The Ramona Rosales Lecture is free and open to the public. Registration is required for the event. 

“Artivista: Music, Community & Social Movement in East LA”

Book cover of "Chican@ Artivistas" by Martha Gonzalez: Tan background with red, black, and white text above a stylized skyline of Los Angeles

A conflation of two words, artista (artist) and activista (activist), artivista signals more than just an identity. As Gonzalez will demonstrate, artivismo is a philosophy and way of existing through music and art practice. Via a multimedia talk that involves music, poetry, and song, Martha Gonzalez will discuss her book Chican@ Artivistas: Music, Community and Transborder Tactics in East Los Angeles (UT Austin Press 2020). Gonzalez will share the varying ways music methods have been implemented in East Los Angeles as a way to resist, organize, and build community beyond the confines of the stage. In this way, Chican@ Artivistas is a critical examination of artist/activist in East Los Angeles from the 1990s into the present.

Although the book project recognizes that earlier generations of Chican@ movement artists strived to advance social justice issues through music and art practices, Gonzalez's analysis is focused on the ways in which a new generation of artists from East LA learned from their elders, yet moved in new directions by utilizing their skills as artists to not only build and strengthen community, but doing so by drawing on music and art as tools of dialogue. Inspired by the Mayan Zapatista Movement that came onto international consciousness in 1994, Chicano and Chicana artists in East LA began to focus on creative expression as verb and action rather than object or commodity.

About Martha Gonzalez

Martha Gonzalez is a Chicana artivista (artist/activist) musician, feminist music theorist, and associate professor in the Intercollegiate Department of Chicana/o Latina/o Studies at Scripps/Claremont College. Born and raised in Boyle Heights Gonzalez is a MacArthur Fellow (2022), Fulbright Garcia Robles (2007-2008), Ford (2012-2013), Woodrow Wilson Fellow (206-2017) and United States Artist Fellow (2020). Her academic interests have been fueled by her own musicianship as a singer/songwriter and percussionist for Grammy Award (2013) winning band Quetzal. The relevance of Quetzal’s music and lyrics have been noted in a range of publications, from dissertations to scholarly books. Their latest recording “Puentes Sonoros” (Sonic Bridges) was released on Smithsonian Folkways in the fall of 2020. Gonzalez along with her partner Quetzal Flores has been instrumental in catalyzing the transnational dialogue between Chicanx/Latinx communities in the US and Jarocho communities in Veracruz, Mexico.

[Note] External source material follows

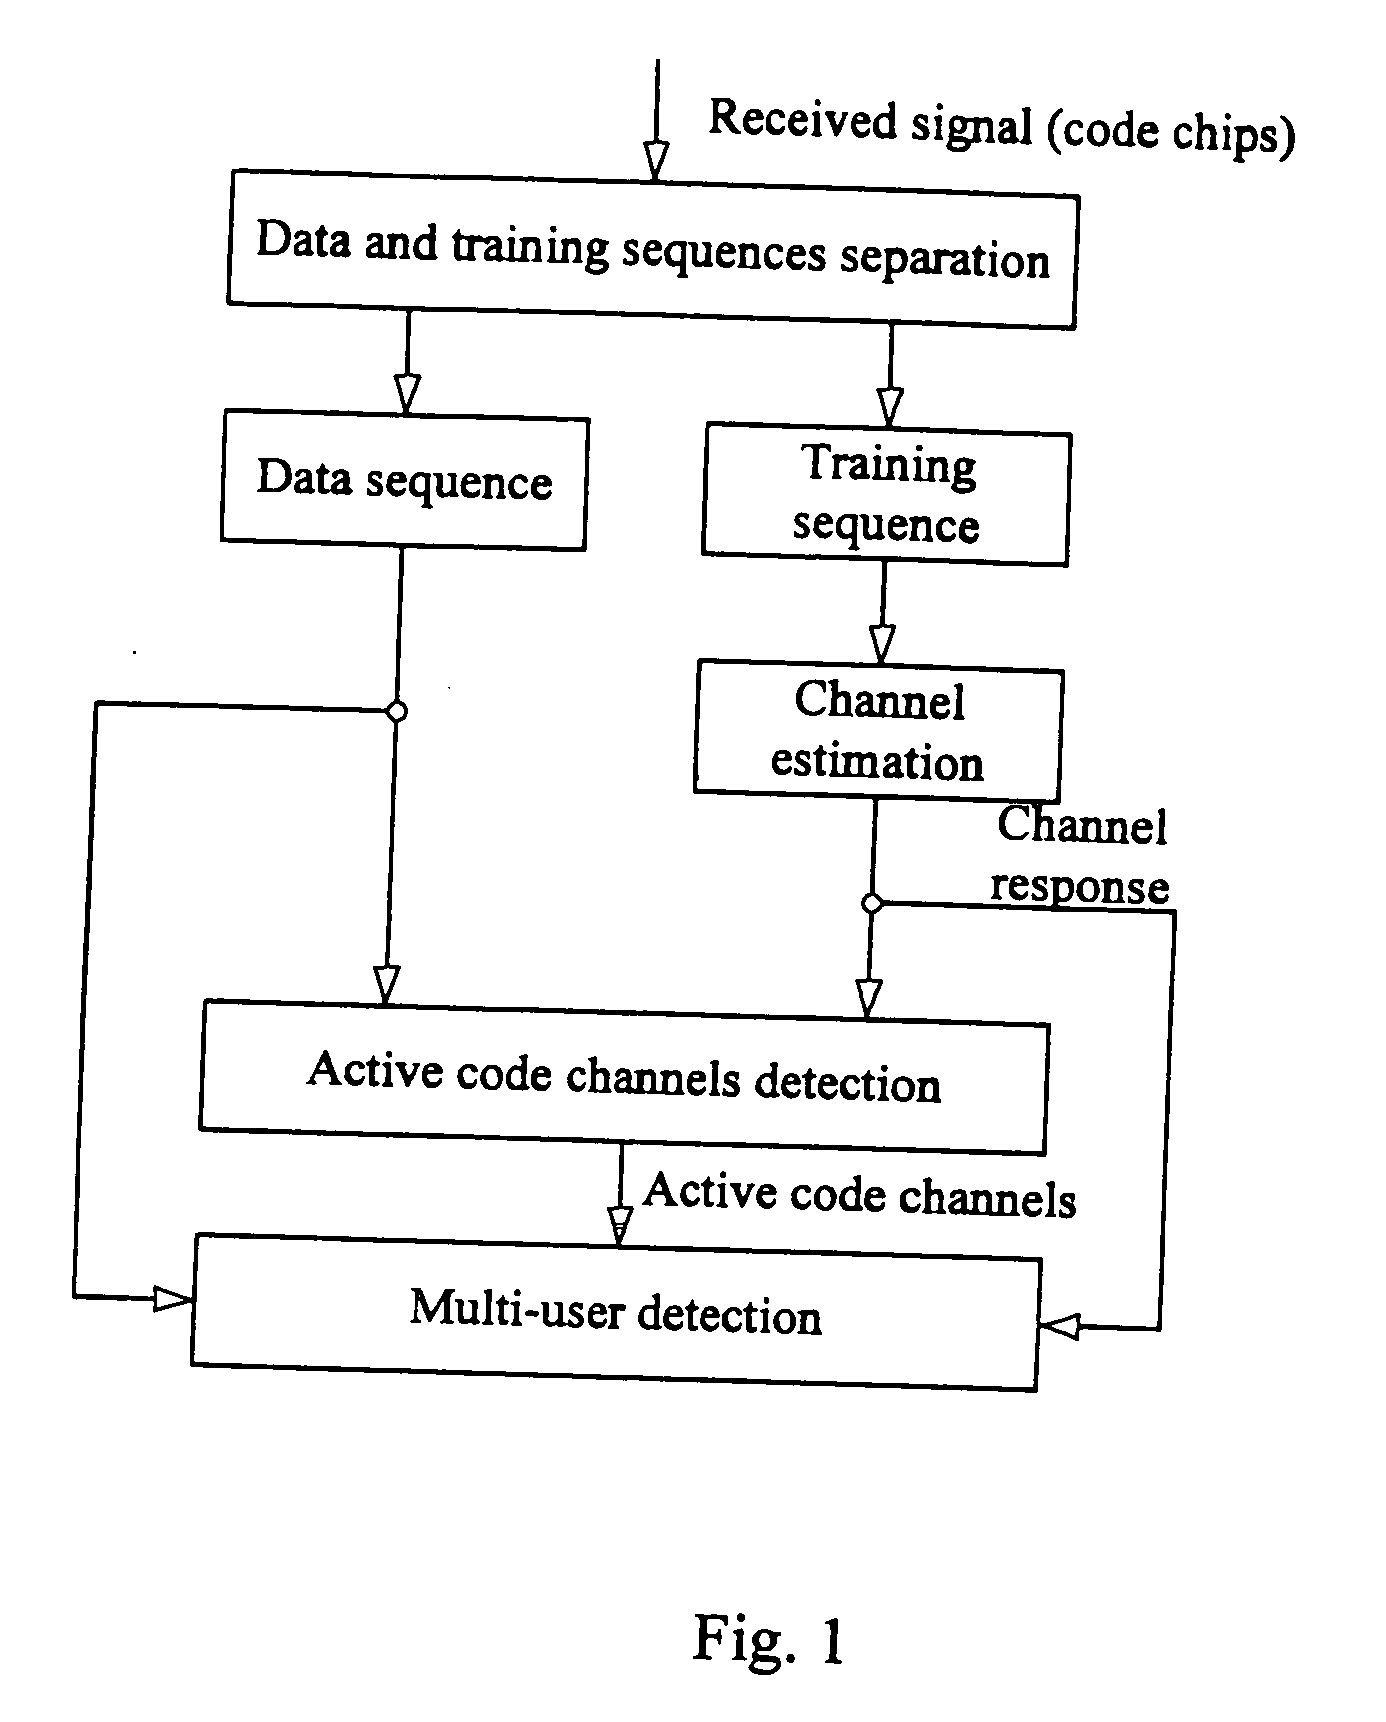 Method and apparatus for multi-user code channel activation detection in wireless communication system
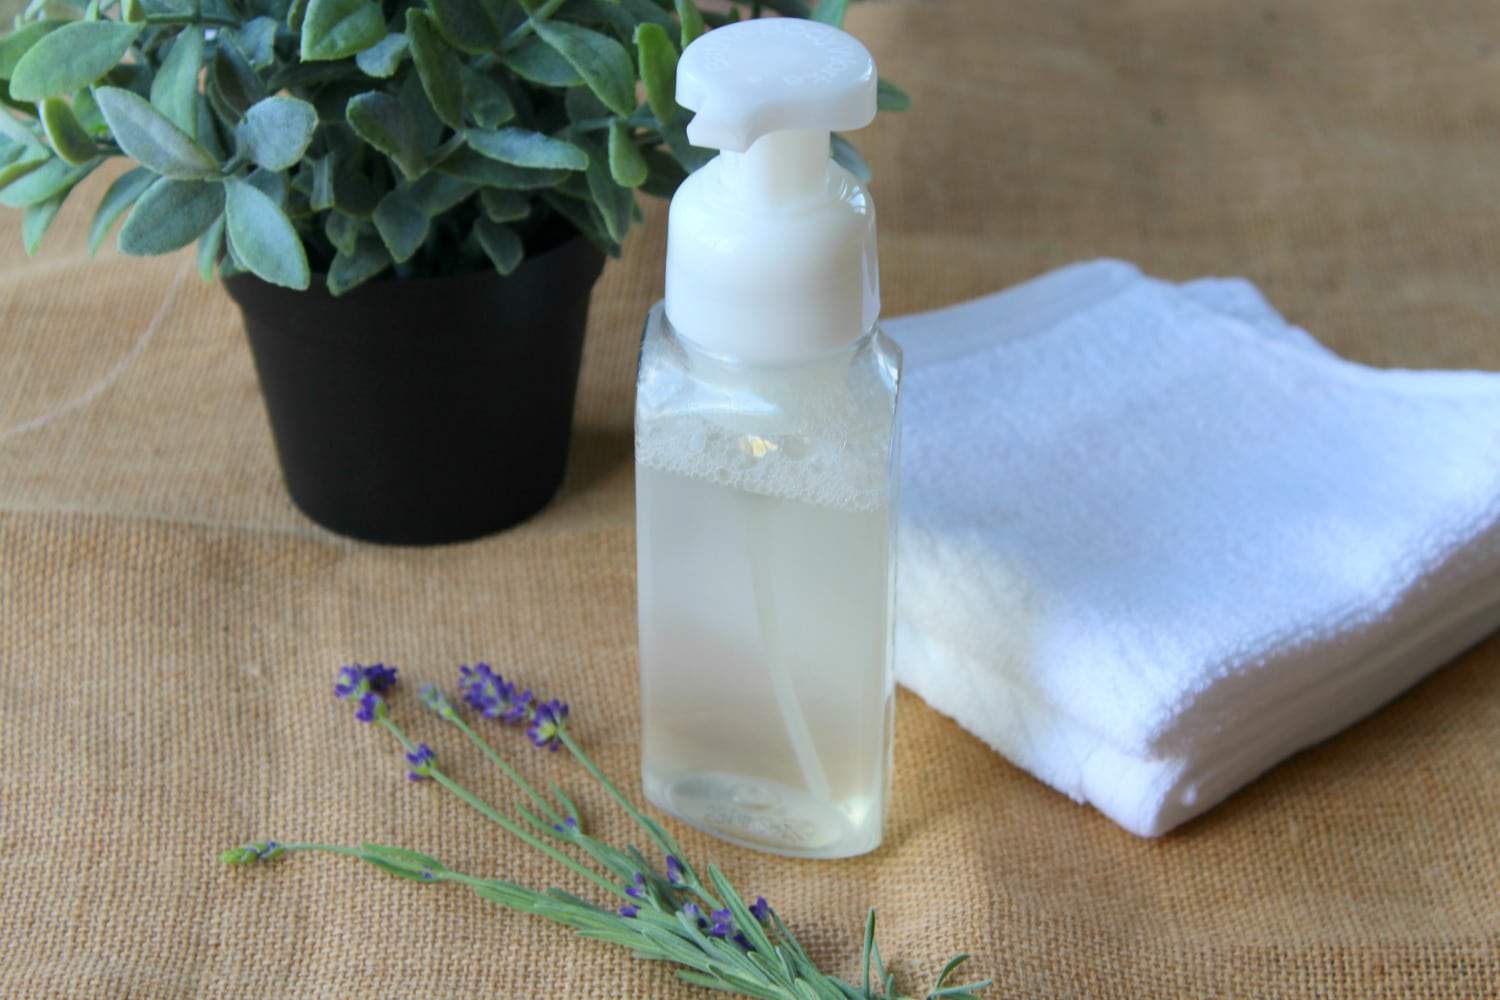 Homemade foaming hand soap next to a pot of plant, white towels and a stem of plant with purple flowers.

Gonzalez has also been active in implementing the collective songwriting method in correctional facilities throughout the US Most recently, and as a testament to the body of music and community work Gonzalez has accomplished on and off the stage, in the summer of 2017 Gonzalez’s tarima (stomp box) and zapateado dance shoes were acquired by the National Museum of American History and are on permanent display in the One Nation Many Voices exhibit. Finally, Gonzalez’s first manuscript Chican@ Artivistas: Music, Community, and Transborder Tactics in East Los Angeles was published by the University of Texas Press. Gonzales is currently Scripps Humanities Institute director. Gonzalez lives in Los Angeles with her husband Quetzal Flores and their 18 year-old son-Sandino.

Event sponsors

Sponsored by the Department of Chicano & Latino Studies with support from

 

About the Ramona Arreguín de Rosales Lecture Series

This lecture series honors Ramona Arreguín de Rosales, who helped lead the creation of the Department of Chicano & Latino Studies as a student over fifty years ago. This fund supports an annual lecture by a scholar in the field of Chicana/o/x and Latina/o/x Studies.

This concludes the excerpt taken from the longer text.